Black-box: Only query access — sees inputs and outputs (possibly confidence scores). Most realistic for cloud ML APIs. Relies on transferability and finite-difference gradient estimation.

Attack Goals

Adversarial attacks differ by what the attacker wants to achieve:

Untargeted: Cause any misclassification. Easier to achieve; sufficient for bypassing content moderation or safety classifiers.
Targeted: Force a specific wrong prediction (e.g., classify a malware sample as benign, or misidentify a face as a specific person). Harder but more useful to attackers.
Confidence reduction: Lower model confidence below a threshold to trigger a fallback path or human review — useful for evading fraud detection.
Availability attack: Degrade model accuracy across all inputs (poisoning) to render it unusable.

Why Neural Networks Are Vulnerable

Several theoretical explanations have been proposed:

Linearity hypothesis (Goodfellow et al., 2014): High-dimensional linear models accumulate small perturbations across many dimensions, making FGSM attacks possible.
High-dimensional geometry: In high dimensions, the volume near a decision boundary is enormous — tiny steps in the input space can cross boundaries.
Excessive feature reliance: Ilyas et al. (2019) argue adversarial examples exploit "non-robust features" that are genuinely predictive but incomprehensible to humans.
Overparameterization: Models fit training data so tightly that they learn brittle shortcut features that don't generalize to perturbed inputs.

Real-World Incidents & Research

Year	Incident / Research	Impact	Type
2017	Physical adversarial stop signs (Eykholt et al., UMich)	Stop sign misclassified as 45 mph at 100% rate under various conditions	Evasion — physical world
2019	Fooling face recognition with printed glasses (CMU)	Impersonated specific target individuals with physical props	Targeted evasion
2020	Teslabot lane-tape attack (McAfee research)	Small tape on road caused lane detection errors in Tesla Autopilot	Physical evasion
2021	Backdoor attacks on NLP models (hidden trigger research)	Sentiment classifiers flipped output on specific rare tokens	Trojan / backdoor
2022	DALL-E/Stable Diffusion evasion	Adversarial prompts bypassed content filters in generative image models	Evasion — generative
2023–24	Adversarial patches in autonomous driving benchmarks	Printed patches caused object detection failures on Waymo/KITTI datasets	Physical evasion

⚡ Evasion Attacks

Evasion attacks craft malicious inputs at inference time — the model is already deployed, and the attacker wants to cause it to misclassify their specific input. This is distinct from poisoning (which attacks training). Evasion is the dominant threat for deployed classifiers in security tooling, content moderation, and autonomous systems.

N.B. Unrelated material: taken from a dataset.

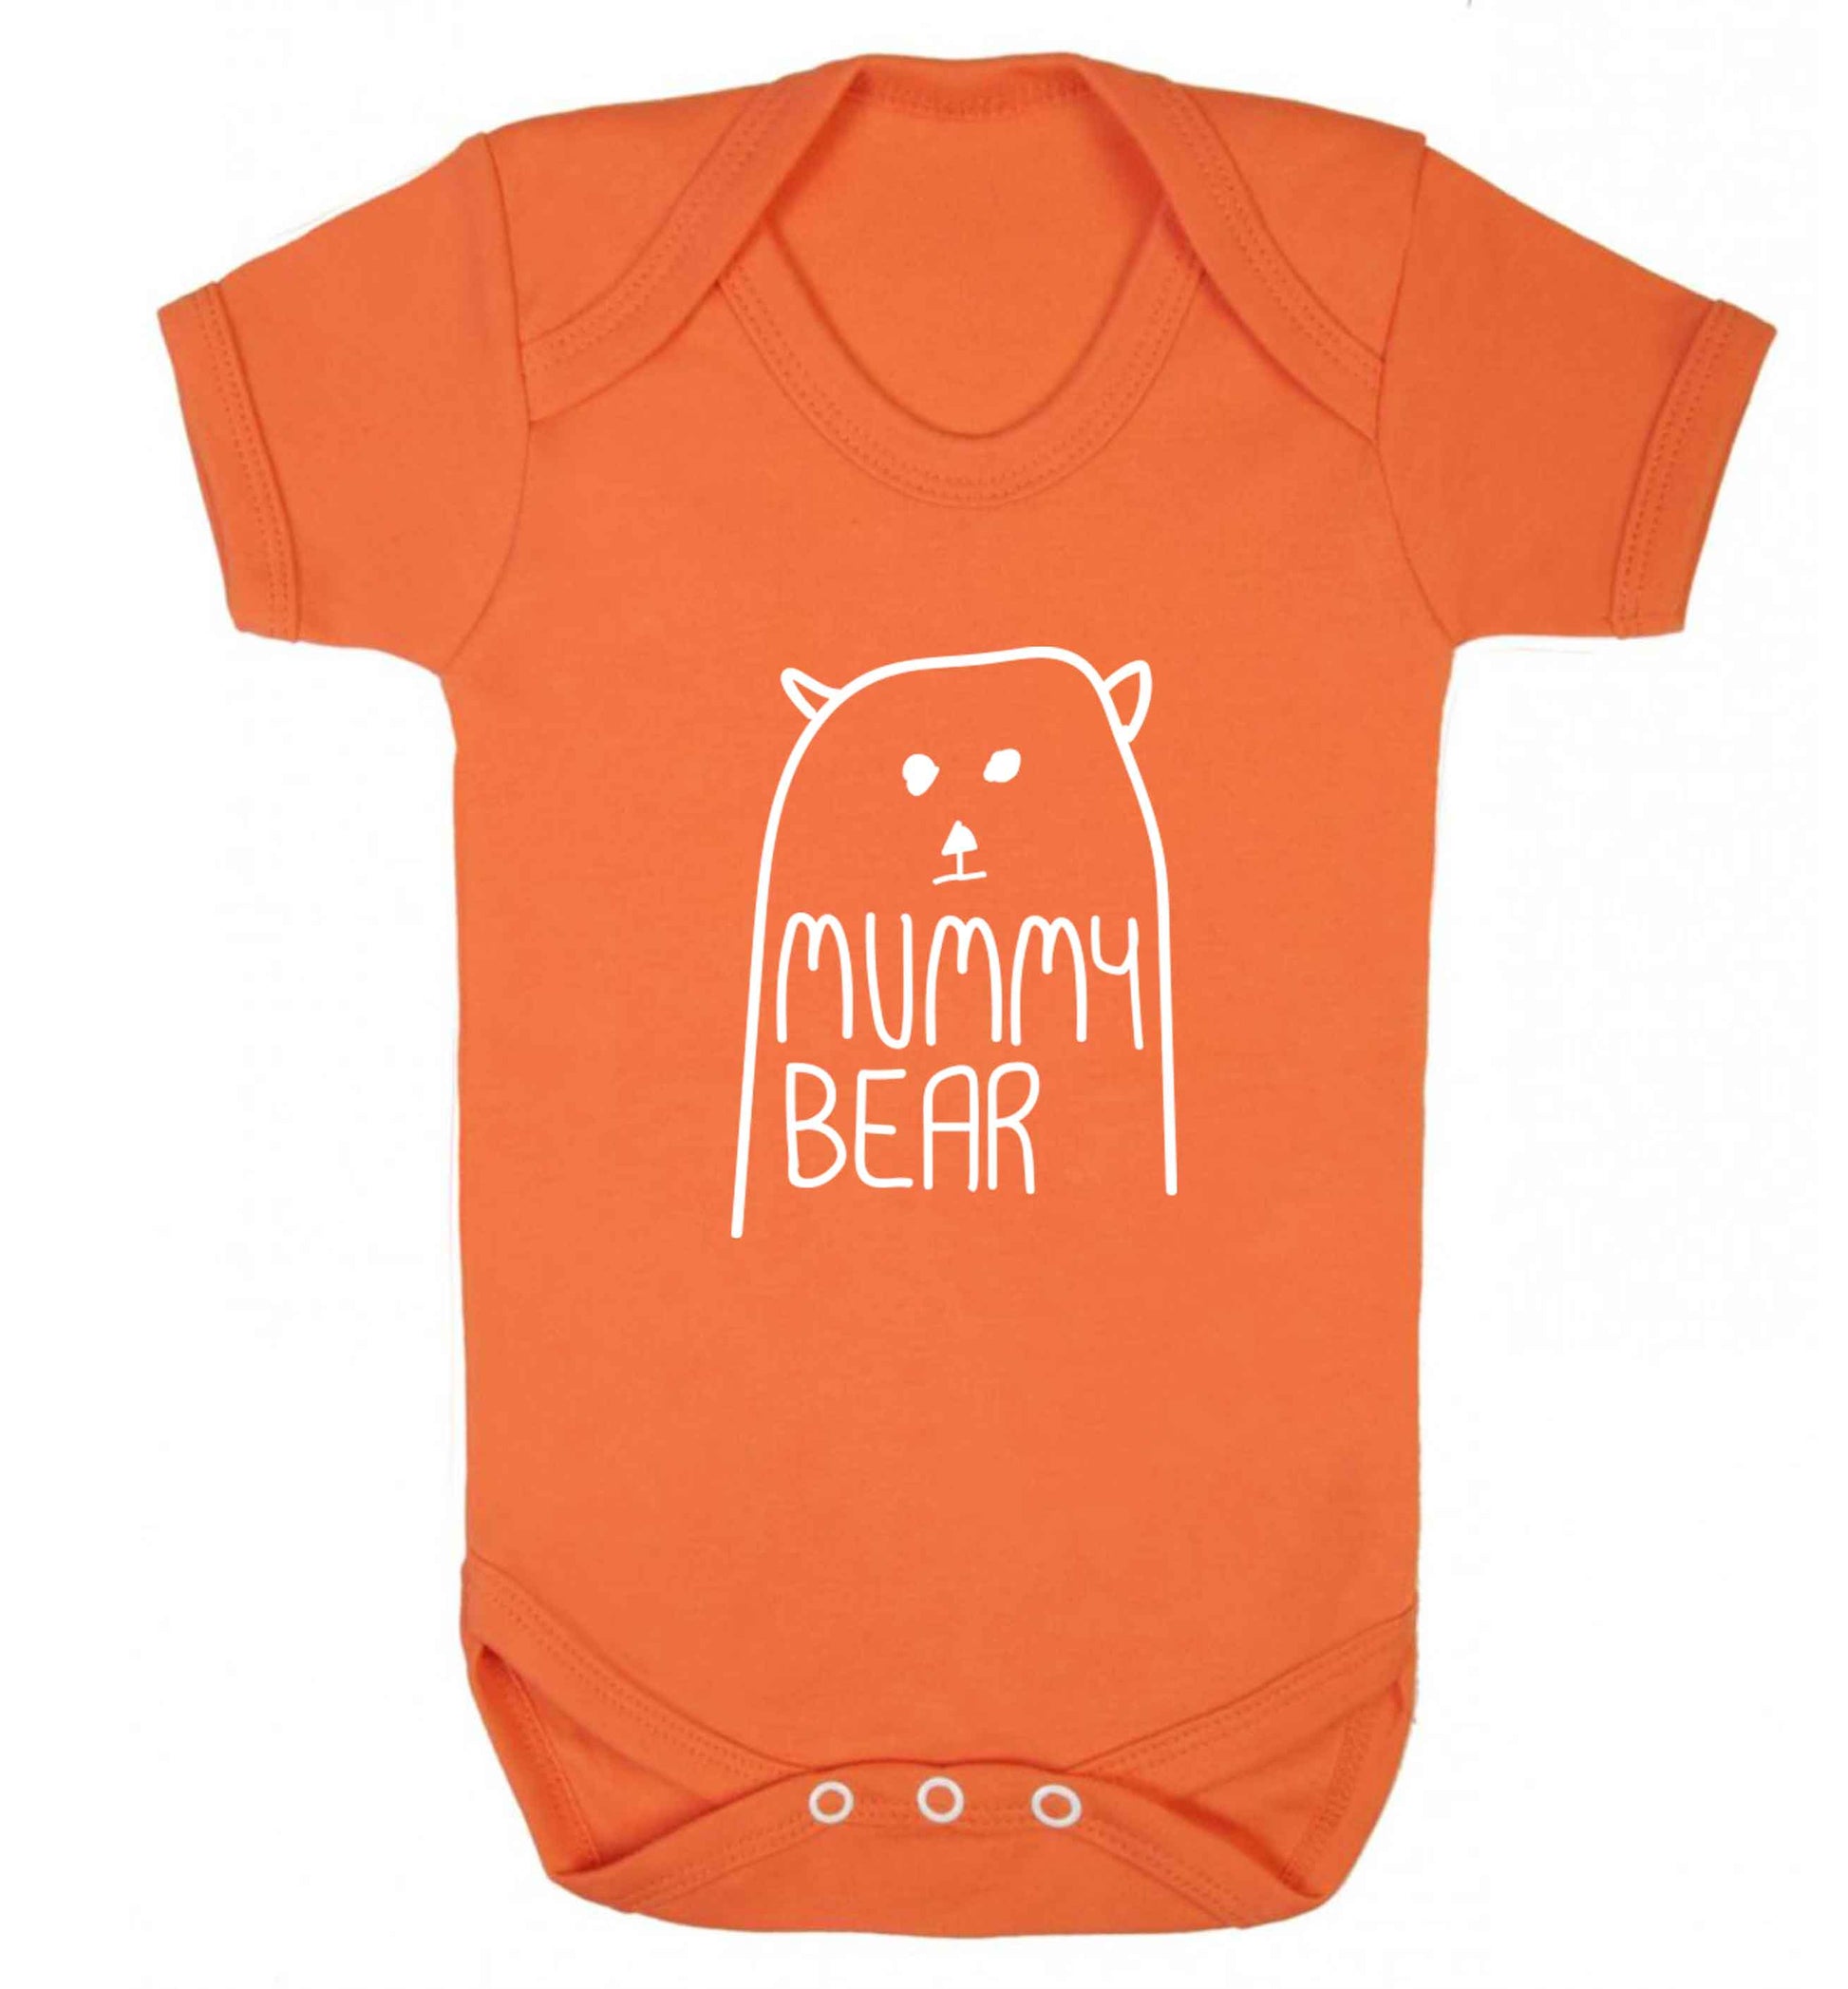 Mummy bear baby vest orange 18-24 months

FGSM — Fast Gradient Sign Method

Introduced by Goodfellow et al. (2014), FGSM is the simplest white-box evasion attack. It perturbs every input feature in the direction that maximally increases the loss, scaled by epsilon:

x_adv = x + ε · sign(∇_x J(θ, x, y))

Where:
  x       = original input
  ε       = perturbation budget (e.g. 8/255 for images)
  ∇_x J   = gradient of loss w.r.t. input
  sign(·) = element-wise sign function
  y       = true label

FGSM is a single-step attack. It's fast but not the strongest — it's primarily used as a baseline and for adversarial training data generation. Epsilon controls the trade-off between attack strength and human perceptibility.

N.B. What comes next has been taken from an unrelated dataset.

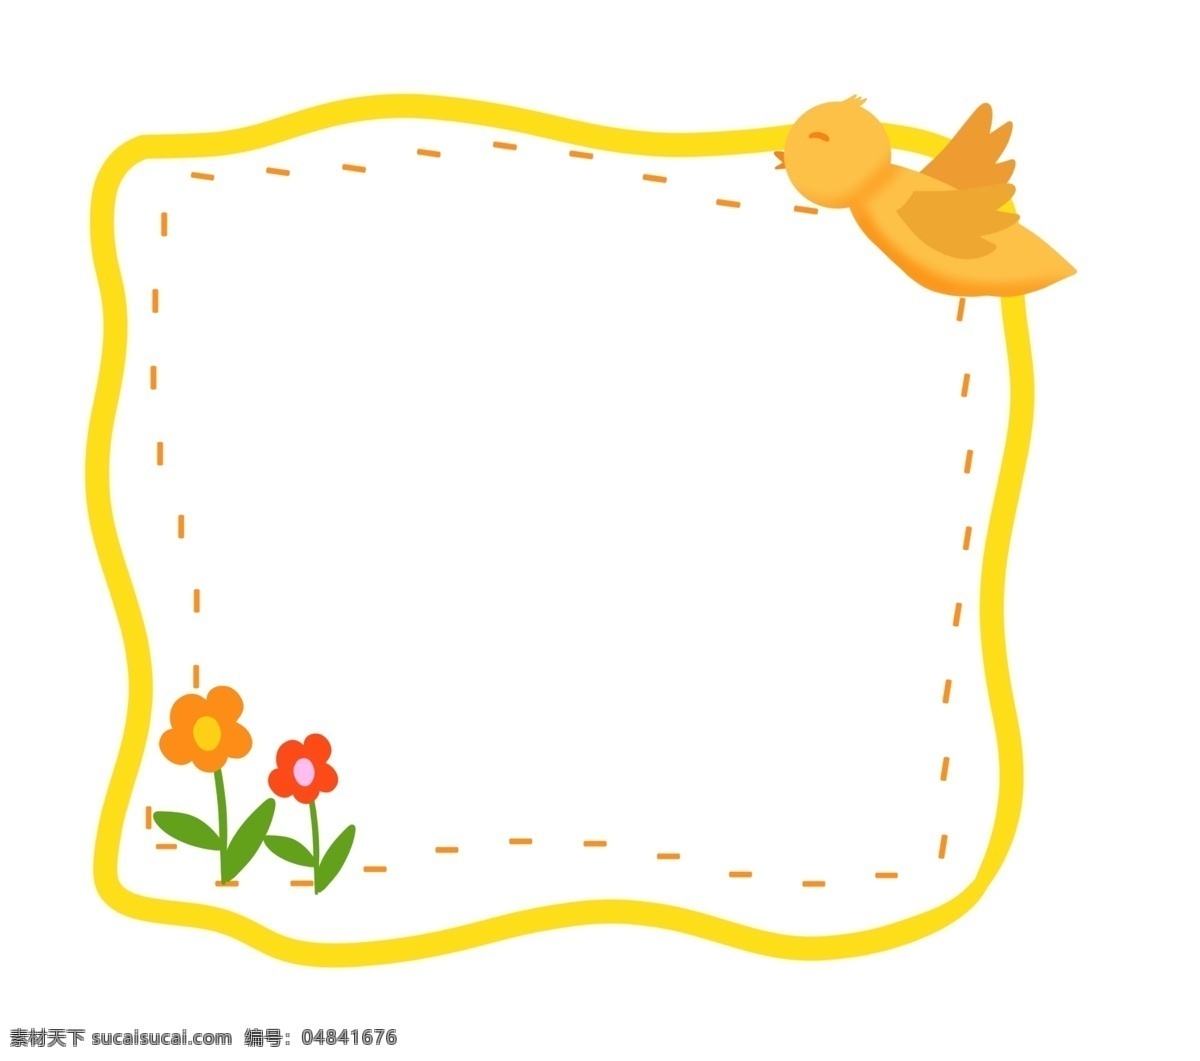 可爱 小鸟 花朵 边框 花朵边框 可爱花朵边框 黄色小鸟 卡通红色小花 小鸟花朵边框 黄色边框 黄色

PGD — Projected Gradient Descent

Madry et al. (2018) showed that iterating FGSM with projection onto the L∞ epsilon-ball produces much stronger adversarial examples:

x^(t+1) = Π_{x+S}(x^t + α · sign(∇_x J(θ, x^t, y)))

Where:
  Π = projection onto the ε-ball
  α = step size per iteration
  S = allowed perturbation set
  t = iteration number

PGD with random restarts is considered the strongest first-order attack and the gold standard for adversarial training. Typically run for 20–100 steps. PGD-AT (adversarial training with PGD) remains the most reliable empirical defense.

C&W Attack

Carlini & Wagner (2017) formulated adversarial examples as an optimization problem that directly minimizes perturbation size:

minimize  ‖δ‖_p + c · f(x + δ)
subject to  x + δ ∈ [0,1]^n

f(x') = max(max{Z(x')_i : i≠t} - Z(x')_t, -κ)

Where:
  Z(x') = pre-softmax logits
  t     = target class
  κ     = confidence margin

C&W is slower but finds tighter perturbations than PGD. It broke many early defenses that PGD couldn't crack. The L2, L0, and L∞ variants each have different use cases. C&W attacks are often used to evaluate defense robustness and to generate imperceptible targeted examples.

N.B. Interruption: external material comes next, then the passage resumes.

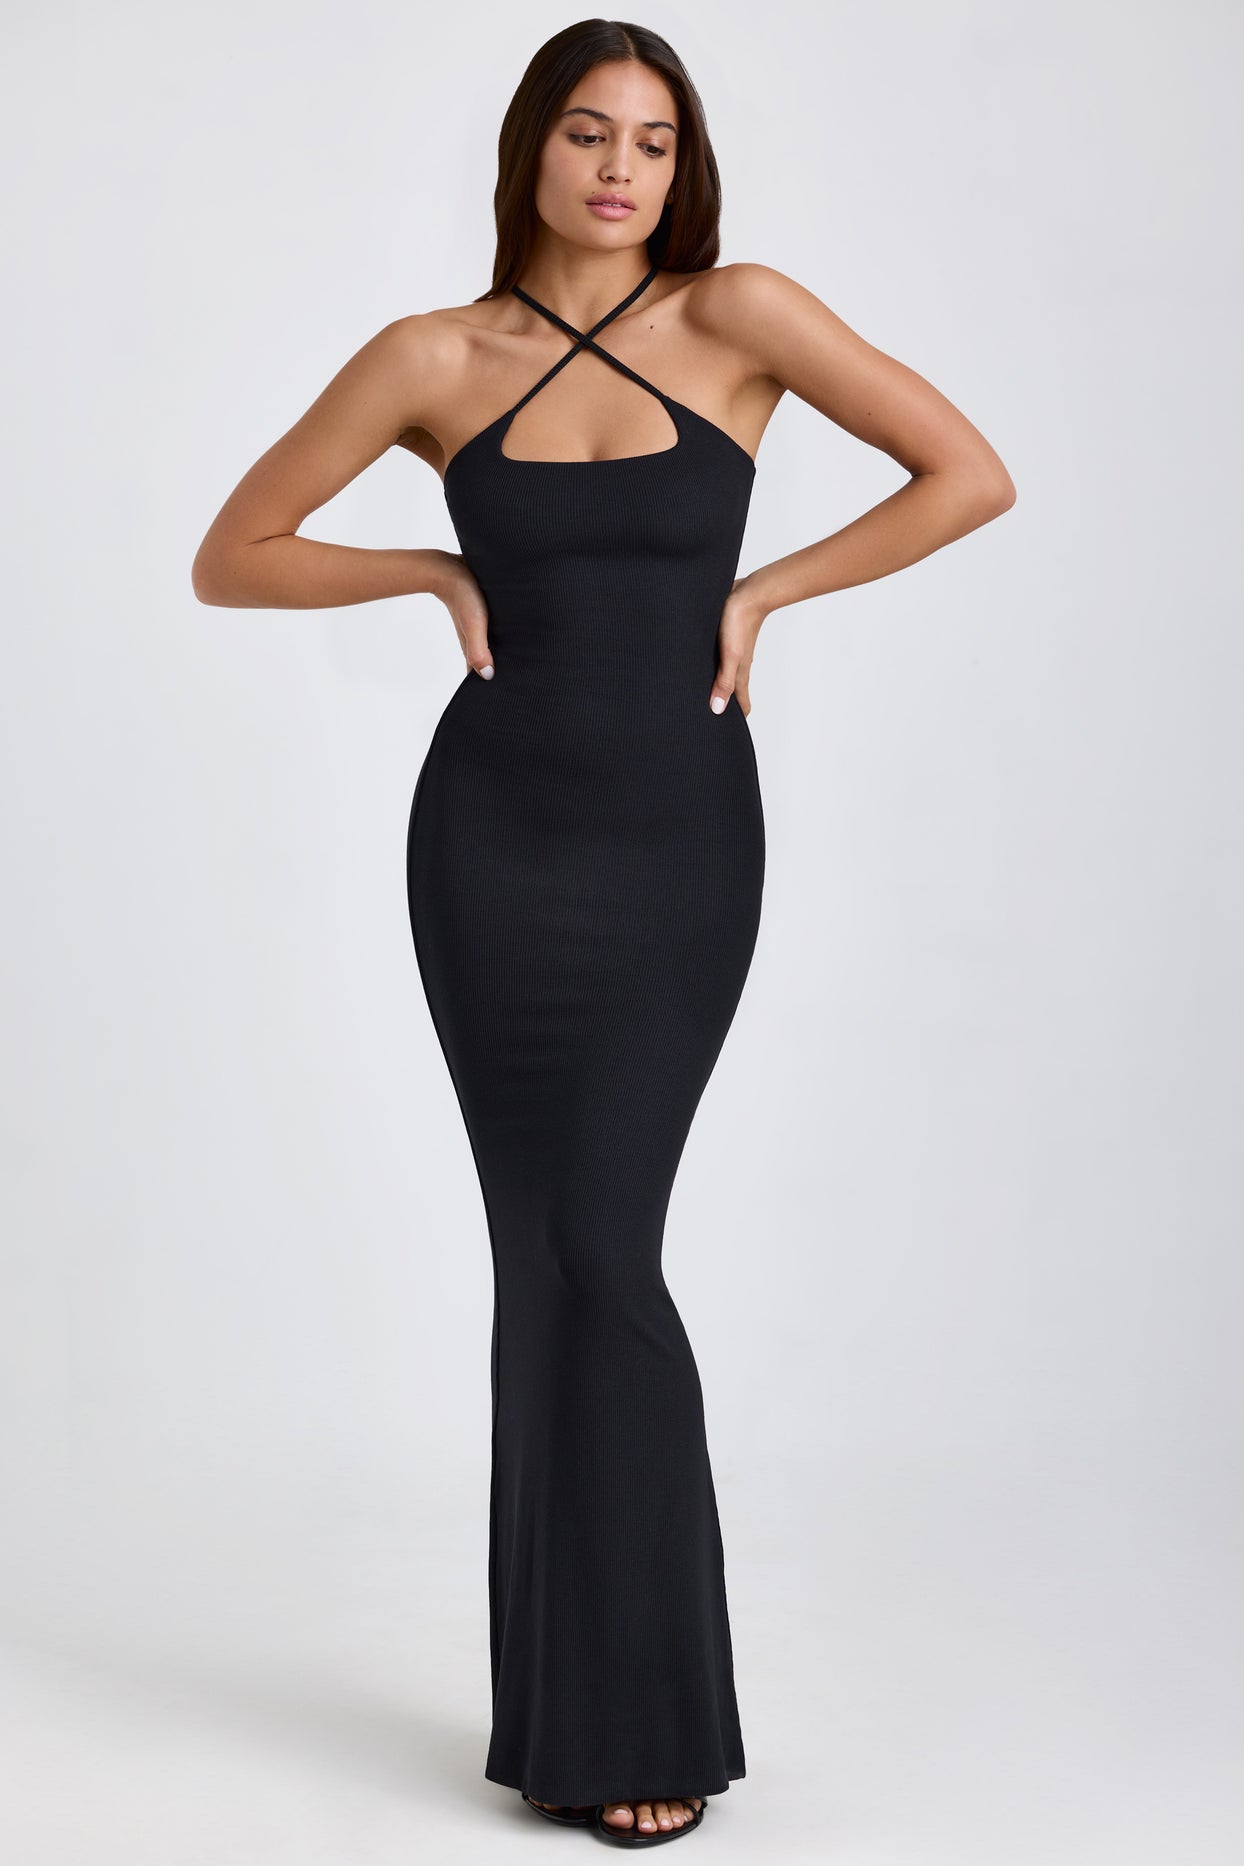 Prążkowana modalna sukienka maxi z dekoltem typu halter w kolorze czarnym

Physical-World Adversarial Examples

Digital adversarial examples are powerful but require direct access to model inputs. Physical-world attacks must survive printing, lighting changes, viewing angle variations, and camera noise — making them harder to construct but more dangerous for real deployments. Robust Physical Perturbations (RP2) and adversarial patches can reliably fool deployed computer vision systems even when captured by cameras under varying conditions.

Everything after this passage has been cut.